Вот так объективно, не по-бабьи на нее я посмотрела — и тем самым нанесла себе огромный ущерб. Ведь почему бабы так кидаются на “разлучниц”, которые чаще всего и разлучать никого ни с кем не хотели? Концентрируя всю ненависть на сопернице, женщина тем самым защищает последние остатки любви к своему неверному-благоверному. А я иду домой и философски так рассуждаю про себя. Супружеская верность считается нормой, а на самом деле это ведь идеал, не всегда совпадающий с реальностью. Мы люди грамотные, знаем, что мужчина по природе тяготеет к полигамии, что моногамный брак — продукт цивилизации, итог долгого социального развития. А мужика моего, как многих, забросило в далекое прошлое, когда ваш брат в лесу овладевал каждой встретившейся самкой...

Но как только вечером дома встретилась я с муженьком, вся эта история с философией меня моментально покинули.

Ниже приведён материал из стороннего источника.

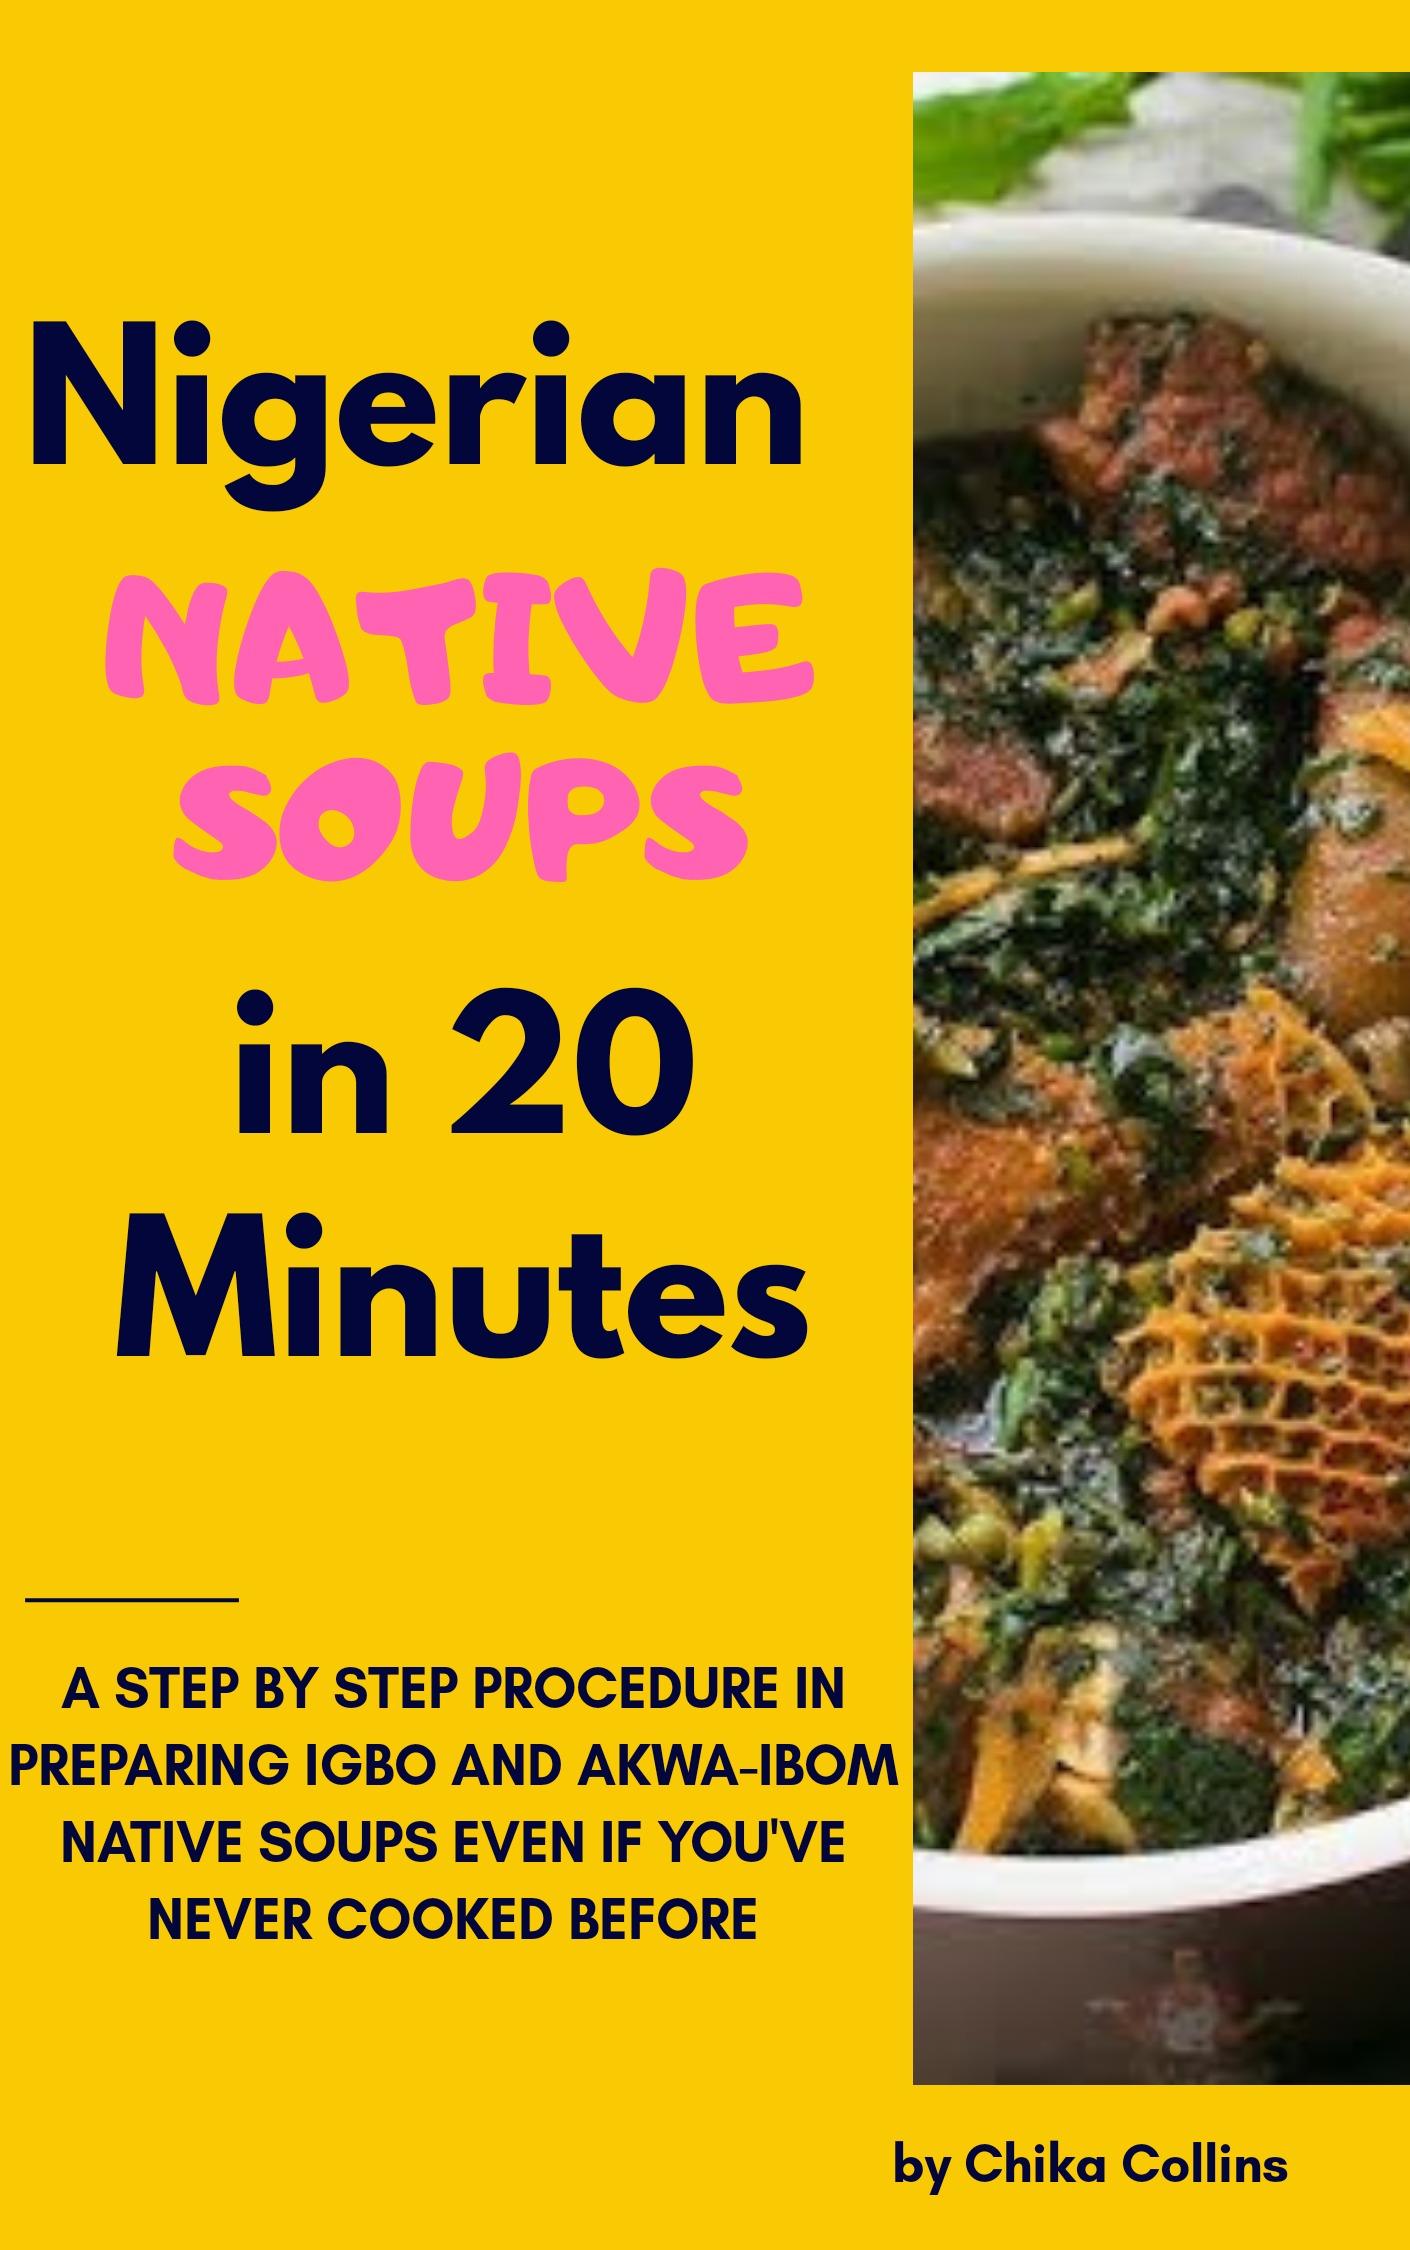 Nigerian Native Soups

Вмиг возникла в сознании картинка, где он голый с ней голой, — и так ударило в грудь, что я тут же в обморок свалилась. А когда очухалась, не могла с ним говорить — неделю целую, наверное. Потом слушала его извинения, оправдания, обещания — все как об стенку горох. И с тех пор ни разу ему не принадлежала...

— И как долго это длится?

— Года полтора. Да, перед позапрошлым Новым годом это случилось, так что именно полтора года.

— И как же он?..

— Нет, вы послушайте, люди добрые! “Как он?” Все вы, мужики, такие. А как я — ты не подумал?.. Ладно, можешь не оправдываться, а то ляпнешь еще что-нибудь похуже. Как и чем он сексуально питается — мне совершенно все равно. А если я тебя хоть сколько-нибудь интересую, то скажу честно: настоящей радости у меня за все это время не было. Не могу сказать, что я очень уж свободных нравов. Нет, доступ к моему телу достаточно ограничен. Только вот доступа к душе никто давно не ищет. Я уже подумывала, не пора ли совсем в отставку. В конце концов, так ли уж мне это надо? Посмотрела на тебя вчера: ладно, думаю — последняя будет попытка. Тем более, что сегодня утром обнаруживаю: природа уже не против, дает шанс. Так что повезло тебе. Или мне — еще не знаю.

8. А Я НЕ СМОГ

Не смог тебе такой же откровенностью ответить. Времени, конечно, было недостаточно. Под утро мы все-таки уснули, а я так и не проснулся. Вовремя не проснулся. Открываю глаза: рядом ты, но другая.

Двадцать лет этот мужчинка катался как сыр в масле и тебе такой масленый вдруг достался. Ты подумала, что это масло внутри меня, что там, во мне, месторождение. А оно — между. Между мной и Беатрисой. Устремился я к тебе не из-за дефицита счастья, а от его избытка.

Знаю, такая трактовка тебе очень не понравится. Но факт это, физический. Наше с Беатрисой счастье — не закрытого, а открытого типа. Она сумела его переработать в философию свою, а я — человек обыкновенный, духовных ценностей производить не способен, в результате — как в песне поется: счастье раздаю хорошим людям. Но хорошим ведь!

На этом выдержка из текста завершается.